(Beginning of Source data)
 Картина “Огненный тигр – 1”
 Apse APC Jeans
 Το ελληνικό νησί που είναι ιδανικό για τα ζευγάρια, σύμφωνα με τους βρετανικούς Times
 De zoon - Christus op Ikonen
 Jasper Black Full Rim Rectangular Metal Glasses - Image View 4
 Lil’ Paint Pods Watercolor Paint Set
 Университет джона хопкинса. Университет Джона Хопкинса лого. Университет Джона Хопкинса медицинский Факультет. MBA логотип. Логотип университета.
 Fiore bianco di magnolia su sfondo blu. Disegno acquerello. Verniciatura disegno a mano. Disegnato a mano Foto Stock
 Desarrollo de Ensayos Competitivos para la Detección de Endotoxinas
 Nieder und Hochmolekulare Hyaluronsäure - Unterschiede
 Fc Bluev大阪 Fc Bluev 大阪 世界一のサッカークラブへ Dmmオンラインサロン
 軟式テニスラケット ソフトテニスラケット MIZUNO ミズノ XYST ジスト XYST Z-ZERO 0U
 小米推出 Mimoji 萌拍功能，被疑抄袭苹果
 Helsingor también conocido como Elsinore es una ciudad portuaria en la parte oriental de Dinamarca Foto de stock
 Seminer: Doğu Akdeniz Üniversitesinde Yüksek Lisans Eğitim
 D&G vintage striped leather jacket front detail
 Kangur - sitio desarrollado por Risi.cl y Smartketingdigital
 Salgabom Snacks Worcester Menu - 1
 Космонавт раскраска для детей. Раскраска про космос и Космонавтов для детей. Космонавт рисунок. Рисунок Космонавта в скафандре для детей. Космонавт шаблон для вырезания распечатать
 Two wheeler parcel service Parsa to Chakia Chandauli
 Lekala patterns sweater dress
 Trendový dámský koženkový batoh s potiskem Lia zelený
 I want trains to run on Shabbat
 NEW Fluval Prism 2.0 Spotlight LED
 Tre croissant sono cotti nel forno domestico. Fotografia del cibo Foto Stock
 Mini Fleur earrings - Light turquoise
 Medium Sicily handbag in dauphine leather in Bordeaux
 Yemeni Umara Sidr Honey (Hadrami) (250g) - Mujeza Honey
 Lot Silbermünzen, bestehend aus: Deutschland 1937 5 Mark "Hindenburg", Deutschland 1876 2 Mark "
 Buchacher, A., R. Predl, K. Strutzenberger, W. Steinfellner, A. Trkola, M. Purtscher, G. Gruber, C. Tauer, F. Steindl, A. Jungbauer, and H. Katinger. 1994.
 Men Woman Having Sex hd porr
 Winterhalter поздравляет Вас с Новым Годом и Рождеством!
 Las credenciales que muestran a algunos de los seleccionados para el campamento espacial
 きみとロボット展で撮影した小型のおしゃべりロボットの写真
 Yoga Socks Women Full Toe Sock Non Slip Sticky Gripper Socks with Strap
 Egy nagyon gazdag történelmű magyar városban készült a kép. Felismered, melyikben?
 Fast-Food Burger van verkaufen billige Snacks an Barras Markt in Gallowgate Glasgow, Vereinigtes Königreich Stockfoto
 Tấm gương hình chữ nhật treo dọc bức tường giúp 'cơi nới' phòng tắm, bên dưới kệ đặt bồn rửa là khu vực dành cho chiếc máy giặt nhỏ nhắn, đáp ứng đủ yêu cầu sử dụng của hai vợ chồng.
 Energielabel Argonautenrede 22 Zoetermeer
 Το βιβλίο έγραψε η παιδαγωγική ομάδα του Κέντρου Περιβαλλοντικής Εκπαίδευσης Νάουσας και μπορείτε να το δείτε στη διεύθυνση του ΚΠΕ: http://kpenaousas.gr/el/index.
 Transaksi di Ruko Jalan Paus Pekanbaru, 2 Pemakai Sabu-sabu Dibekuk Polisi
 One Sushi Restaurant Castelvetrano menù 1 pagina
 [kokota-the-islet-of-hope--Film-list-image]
(End of Source data)
Work order: Your reply must be the entries above, returned word for word.

Task output:
 Картина “Огненный тигр – 1”
 Apse APC Jeans
 Το ελληνικό νησί που είναι ιδανικό για τα ζευγάρια, σύμφωνα με τους βρετανικούς Times
 De zoon - Christus op Ikonen
 Jasper Black Full Rim Rectangular Metal Glasses - Image View 4
 Lil’ Paint Pods Watercolor Paint Set
 Университет джона хопкинса. Университет Джона Хопкинса лого. Университет Джона Хопкинса медицинский Факультет. MBA логотип. Логотип университета.
 Fiore bianco di magnolia su sfondo blu. Disegno acquerello. Verniciatura disegno a mano. Disegnato a mano Foto Stock
 Desarrollo de Ensayos Competitivos para la Detección de Endotoxinas
 Nieder und Hochmolekulare Hyaluronsäure - Unterschiede
 Fc Bluev大阪 Fc Bluev 大阪 世界一のサッカークラブへ Dmmオンラインサロン
 軟式テニスラケット ソフトテニスラケット MIZUNO ミズノ XYST ジスト XYST Z-ZERO 0U
 小米推出 Mimoji 萌拍功能，被疑抄袭苹果
 Helsingor también conocido como Elsinore es una ciudad portuaria en la parte oriental de Dinamarca Foto de stock
 Seminer: Doğu Akdeniz Üniversitesinde Yüksek Lisans Eğitim
 D&G vintage striped leather jacket front detail
 Kangur - sitio desarrollado por Risi.cl y Smartketingdigital
 Salgabom Snacks Worcester Menu - 1
 Космонавт раскраска для детей. Раскраска про космос и Космонавтов для детей. Космонавт рисунок. Рисунок Космонавта в скафандре для детей. Космонавт шаблон для вырезания распечатать
 Two wheeler parcel service Parsa to Chakia Chandauli
 Lekala patterns sweater dress
 Trendový dámský koženkový batoh s potiskem Lia zelený
 I want trains to run on Shabbat
 NEW Fluval Prism 2.0 Spotlight LED
 Tre croissant sono cotti nel forno domestico. Fotografia del cibo Foto Stock
 Mini Fleur earrings - Light turquoise
 Medium Sicily handbag in dauphine leather in Bordeaux
 Yemeni Umara Sidr Honey (Hadrami) (250g) - Mujeza Honey
 Lot Silbermünzen, bestehend aus: Deutschland 1937 5 Mark "Hindenburg", Deutschland 1876 2 Mark "
 Buchacher, A., R. Predl, K. Strutzenberger, W. Steinfellner, A. Trkola, M. Purtscher, G. Gruber, C. Tauer, F. Steindl, A. Jungbauer, and H. Katinger. 1994.
 Men Woman Having Sex hd porr
 Winterhalter поздравляет Вас с Новым Годом и Рождеством!
 Las credenciales que muestran a algunos de los seleccionados para el campamento espacial
 きみとロボット展で撮影した小型のおしゃべりロボットの写真
 Yoga Socks Women Full Toe Sock Non Slip Sticky Gripper Socks with Strap
 Egy nagyon gazdag történelmű magyar városban készült a kép. Felismered, melyikben?
 Fast-Food Burger van verkaufen billige Snacks an Barras Markt in Gallowgate Glasgow, Vereinigtes Königreich Stockfoto
 Tấm gương hình chữ nhật treo dọc bức tường giúp 'cơi nới' phòng tắm, bên dưới kệ đặt bồn rửa là khu vực dành cho chiếc máy giặt nhỏ nhắn, đáp ứng đủ yêu cầu sử dụng của hai vợ chồng.
 Energielabel Argonautenrede 22 Zoetermeer
 Το βιβλίο έγραψε η παιδαγωγική ομάδα του Κέντρου Περιβαλλοντικής Εκπαίδευσης Νάουσας και μπορείτε να το δείτε στη διεύθυνση του ΚΠΕ: http://kpenaousas.gr/el/index.
 Transaksi di Ruko Jalan Paus Pekanbaru, 2 Pemakai Sabu-sabu Dibekuk Polisi
 One Sushi Restaurant Castelvetrano menù 1 pagina
 [kokota-the-islet-of-hope--Film-list-image]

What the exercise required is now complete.